Donald Trump has long vowed to tear up NAFTA and replace it with a deal that benefited American workers and companies. But where it concerns medicines, his new deal—dubbed the un-mellifluous US-Mexico-Canada Agreement (USMCA)—only works for US corporations, at the expense of American workers. It also will deal a big blow to Canadian healthcare consumers.
The new pact features a host of rules that will hike drug prices in Canada, according to Dean Baker, economist at the Center for Economic and Policy Research. For instance, it mandates that biologically-derived drugs receive 10 years of marketing exclusivity before similar drugs can enter the market, notes Baker. This is despite the fact that the US Federal Trade Commission says that these types of drugs don’t require such protections due to the difficulty of creating generic versions of them. Another provision forces Canada to protect exclusivity for new applications of existing drugs.
Discussions about global commerce often take for granted the sanctity of “intellectual property” rules. But it’s important to see them for what they are. Patents protect ideas or ways of doing something by granting exclusive rights to sell things that use those. Legal, government-enforced monopolies, in other words. Some degree of protection is essential to encouraging invention and innovation. However, too much protection of ideas can stifle innovation.

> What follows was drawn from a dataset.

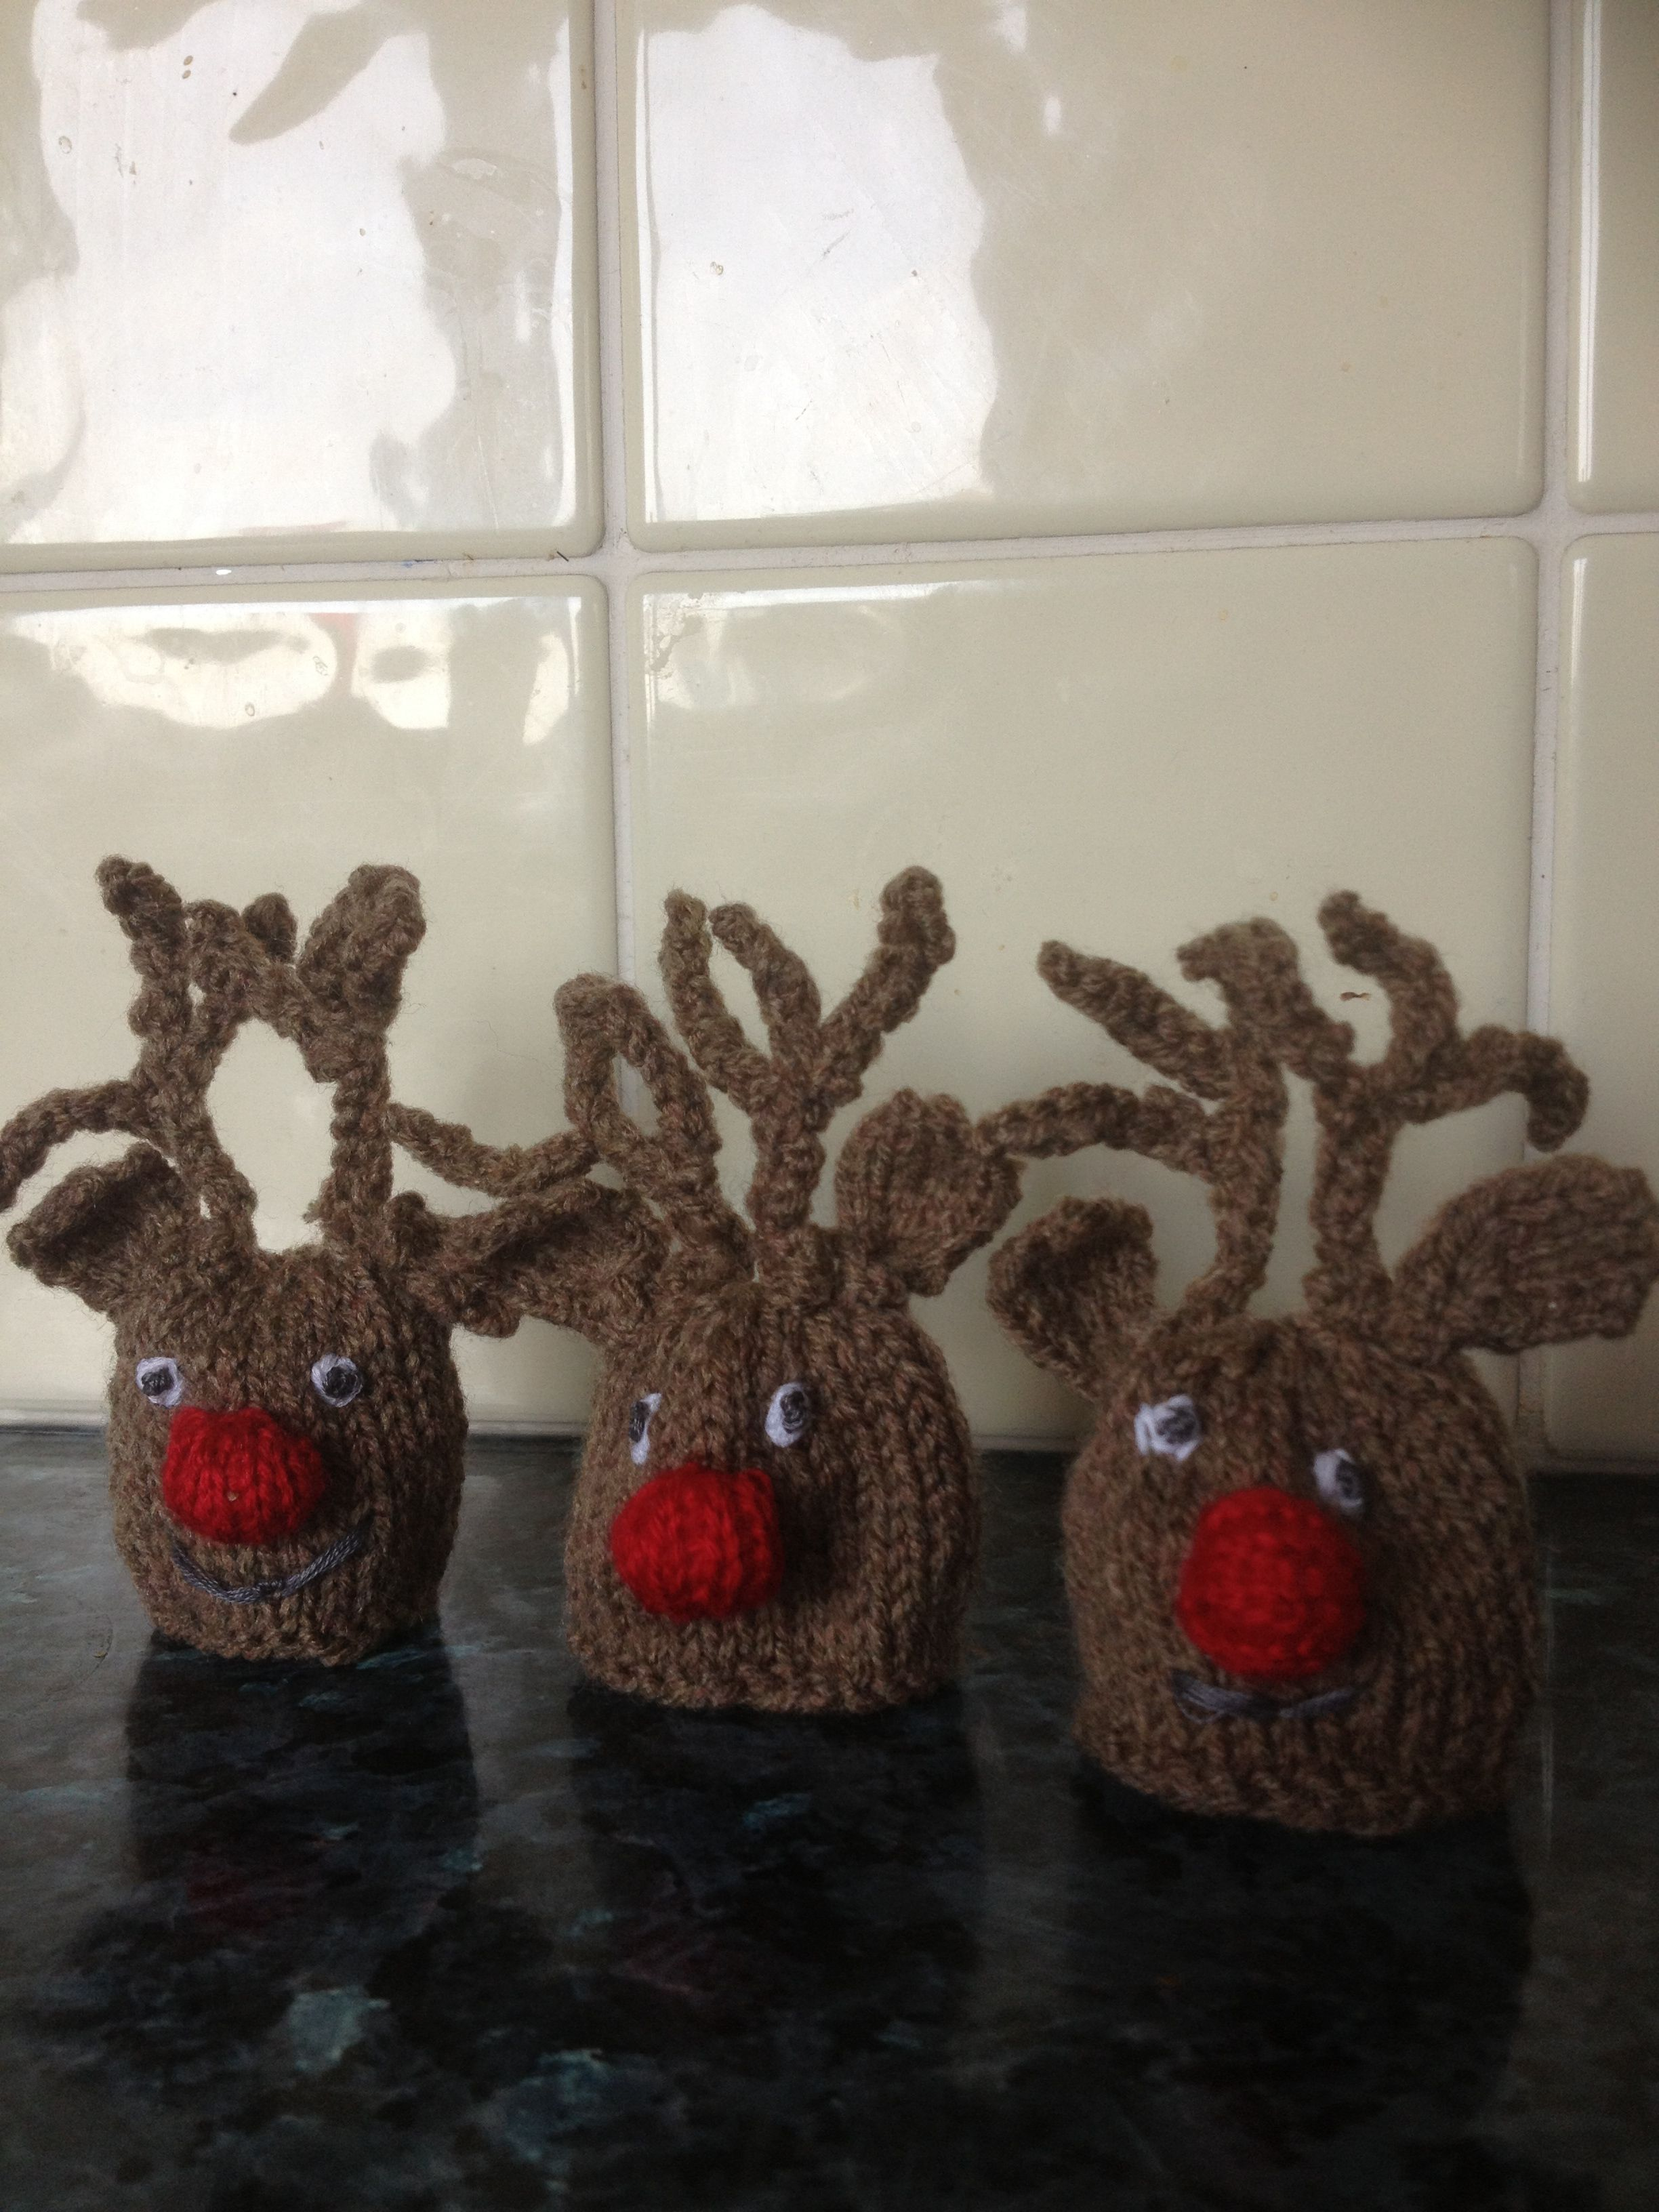 Ferrero Rocher covers | Christmas knitting, Twig crafts, Christmas knitting patterns
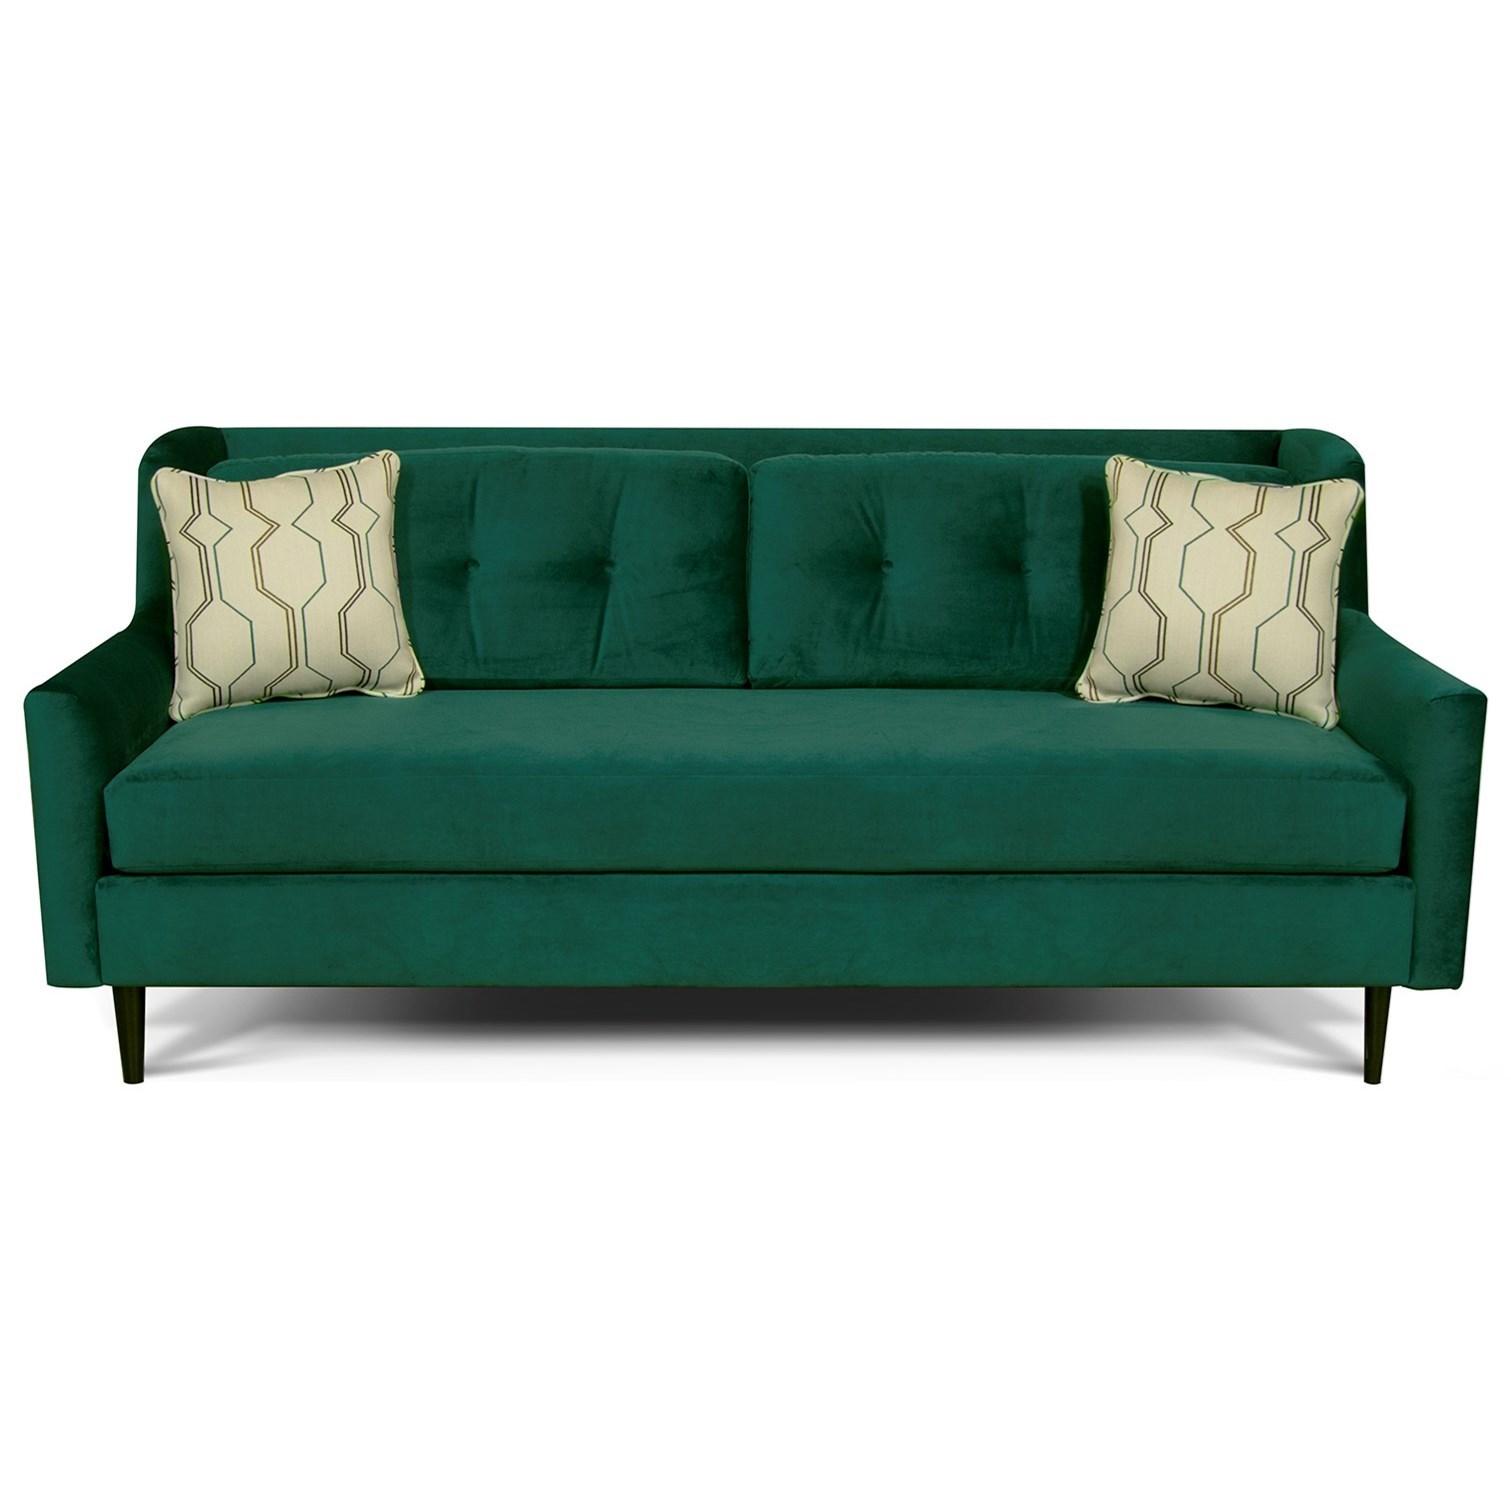 England Gramercy Park Sofa - Item Number: 5G05-Vette-Prussian

And monopolies, of course, let companies crank up prices to the maximum of what the market will bear. And since so many people’s wellbeing—and, indeed, their survival—depends on drugs, the market will bear extremely high prices. Think, for example, of the EpiPen emergency of a few years ago, when the patent-holder jacked up prices of the life-saving device 500% in five years.
Drug prices are much lower in Canada than they are in the US because the government, and not pharmaceutical companies, sets drug prices. (As a result, millions of Americans buy medicines from Canadian online pharmacies, which is neither legal nor all that safe, but is far, far cheaper.) Because the USMCA’s increases protections of pharmaceutical intellectual property, Big Pharma has more power to charge Canadians higher drug prices.
So far, so bad for sick Canadians. But what does this have to do with American workers?
As Baker points out, the USMCA will also very likely raise licensing payments from Canadians to US drug companies like Pfizer and Merck. The problem is, more exports alone won’t change the US trade deficit. Rather, that depends on the difference between how much America saves and invests. (We explain the accounting mechanisms of this concept in a fun hypothetical discussion of Basketania and Fruitlandia.) To offset this rising surplus in drug exports, other US exports to Canada will have to shrink—probably manufactured goods, says Baker.
Here’s a less blandly arithmetic way of thinking about this. As Canadians swap loonies for dollars needed to pay those higher prescription drug prices, they will drive up the greenback’s value, all else equal. A stronger dollar also makes US exports that much more expensive—and, therefore, less competitive against the other goods and services that Canadians buy. And of course, reduced sales of exports mean less hiring or possibly even layoffs of American workers.